What is being asked: Would you write out the listing verbatim and skip every picture in it?

Data block:
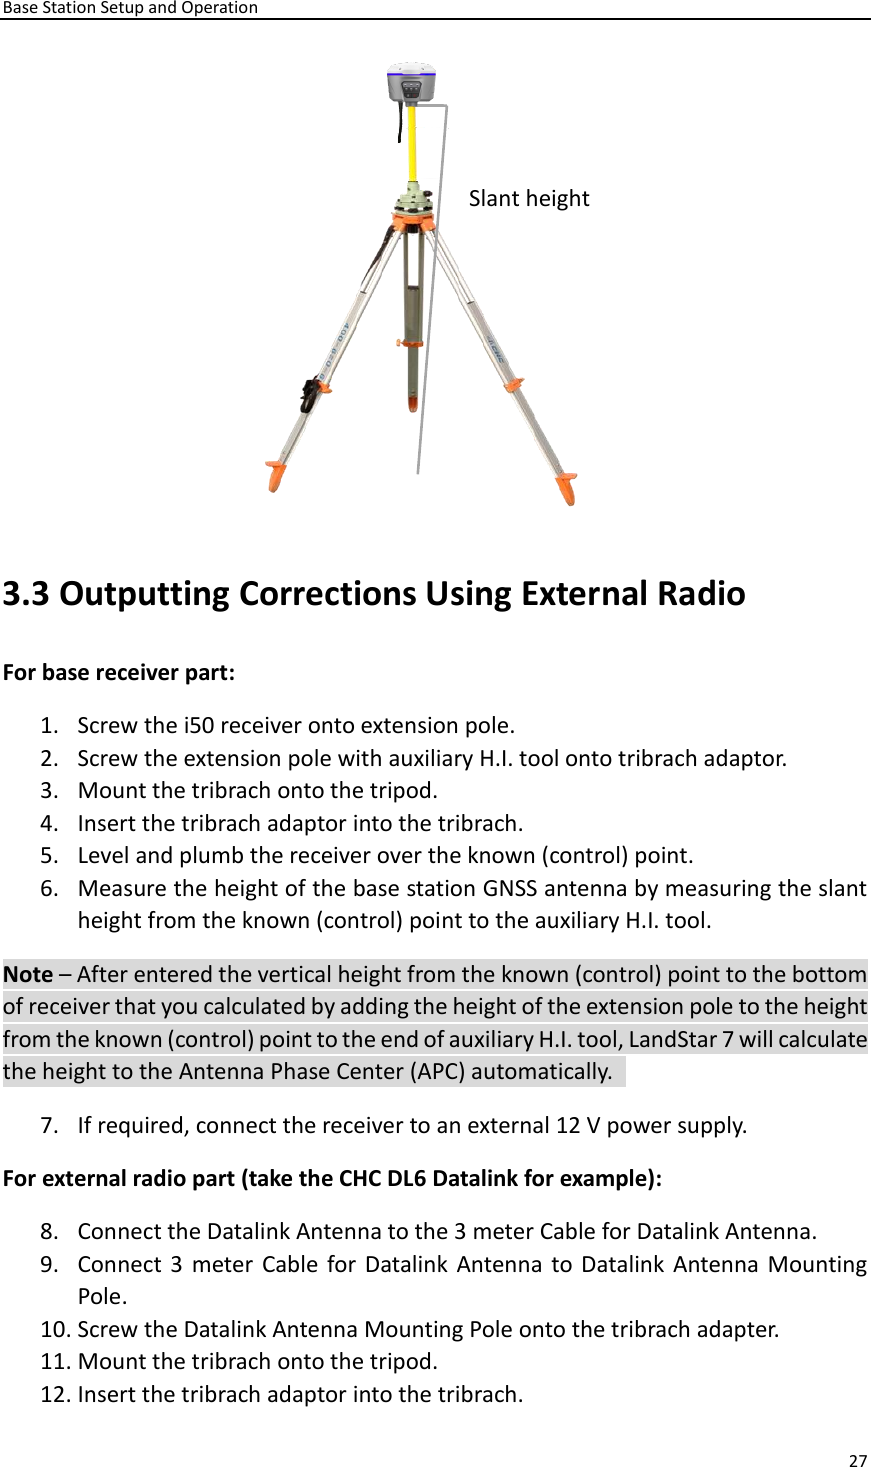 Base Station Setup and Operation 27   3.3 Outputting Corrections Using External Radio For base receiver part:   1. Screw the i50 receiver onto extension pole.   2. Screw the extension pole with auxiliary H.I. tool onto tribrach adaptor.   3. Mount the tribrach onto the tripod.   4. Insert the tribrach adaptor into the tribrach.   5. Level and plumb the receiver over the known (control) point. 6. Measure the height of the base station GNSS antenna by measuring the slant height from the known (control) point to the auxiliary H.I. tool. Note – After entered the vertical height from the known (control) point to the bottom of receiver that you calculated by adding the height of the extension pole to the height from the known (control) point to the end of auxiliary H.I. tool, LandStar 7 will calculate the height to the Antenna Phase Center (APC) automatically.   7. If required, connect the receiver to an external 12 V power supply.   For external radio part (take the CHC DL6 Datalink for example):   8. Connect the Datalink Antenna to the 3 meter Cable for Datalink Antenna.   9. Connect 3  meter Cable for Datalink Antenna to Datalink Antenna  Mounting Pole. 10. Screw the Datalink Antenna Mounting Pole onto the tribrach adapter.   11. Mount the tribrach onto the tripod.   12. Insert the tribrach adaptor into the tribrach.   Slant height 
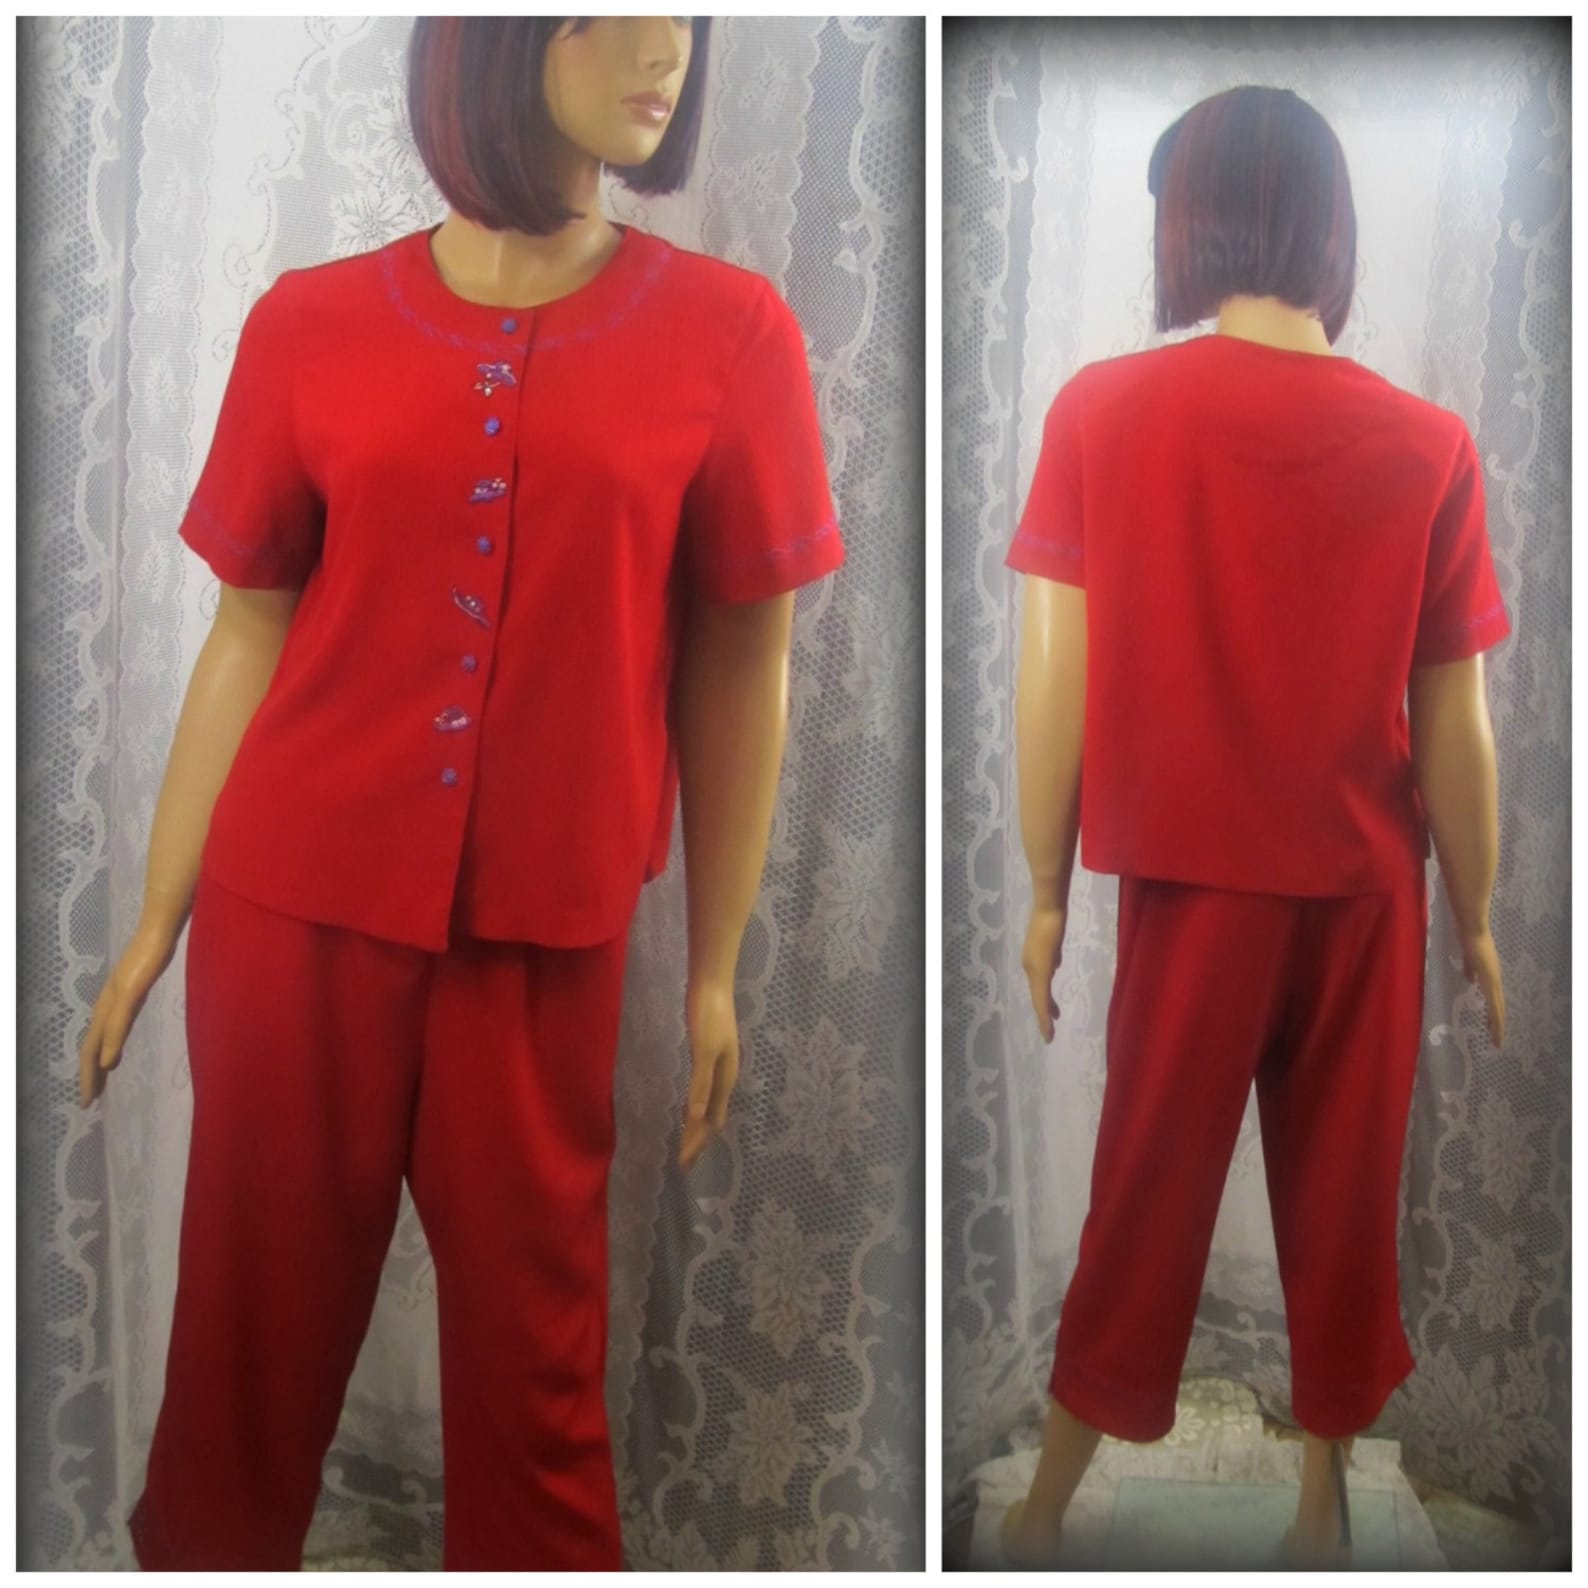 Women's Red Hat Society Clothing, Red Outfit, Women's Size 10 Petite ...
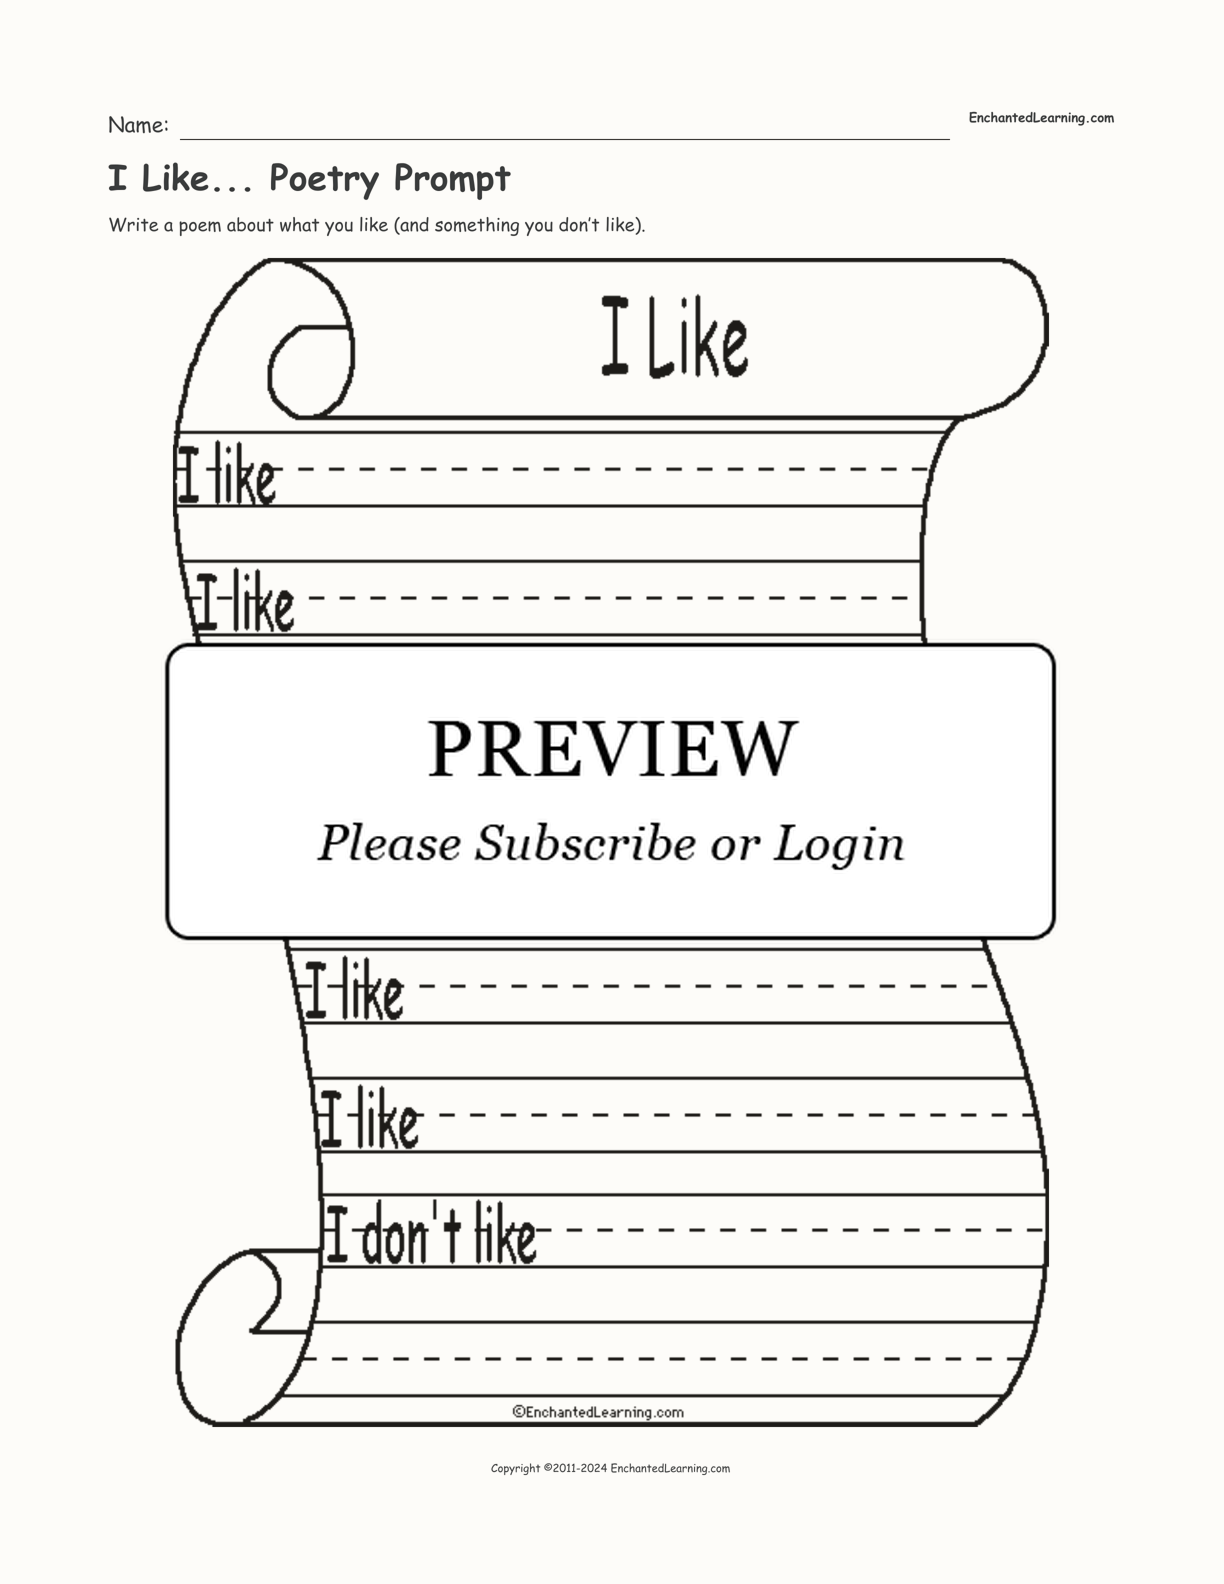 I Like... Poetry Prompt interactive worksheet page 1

Exercise answer:
 Base Station Setup and Operation 27   3.3 Outputting Corrections Using External Radio For base receiver part:   1. Screw the i50 receiver onto extension pole.   2. Screw the extension pole with auxiliary H.I. tool onto tribrach adaptor.   3. Mount the tribrach onto the tripod.   4. Insert the tribrach adaptor into the tribrach.   5. Level and plumb the receiver over the known (control) point. 6. Measure the height of the base station GNSS antenna by measuring the slant height from the known (control) point to the auxiliary H.I. tool. Note – After entered the vertical height from the known (control) point to the bottom of receiver that you calculated by adding the height of the extension pole to the height from the known (control) point to the end of auxiliary H.I. tool, LandStar 7 will calculate the height to the Antenna Phase Center (APC) automatically.   7. If required, connect the receiver to an external 12 V power supply.   For external radio part (take the CHC DL6 Datalink for example):   8. Connect the Datalink Antenna to the 3 meter Cable for Datalink Antenna.   9. Connect 3  meter Cable for Datalink Antenna to Datalink Antenna  Mounting Pole. 10. Screw the Datalink Antenna Mounting Pole onto the tribrach adapter.   11. Mount the tribrach onto the tripod.   12. Insert the tribrach adaptor into the tribrach.   Slant height 
 Women's Red Hat Society Clothing, Red Outfit, Women's Size 10 Petite ...
 I Like... Poetry Prompt interactive worksheet page 1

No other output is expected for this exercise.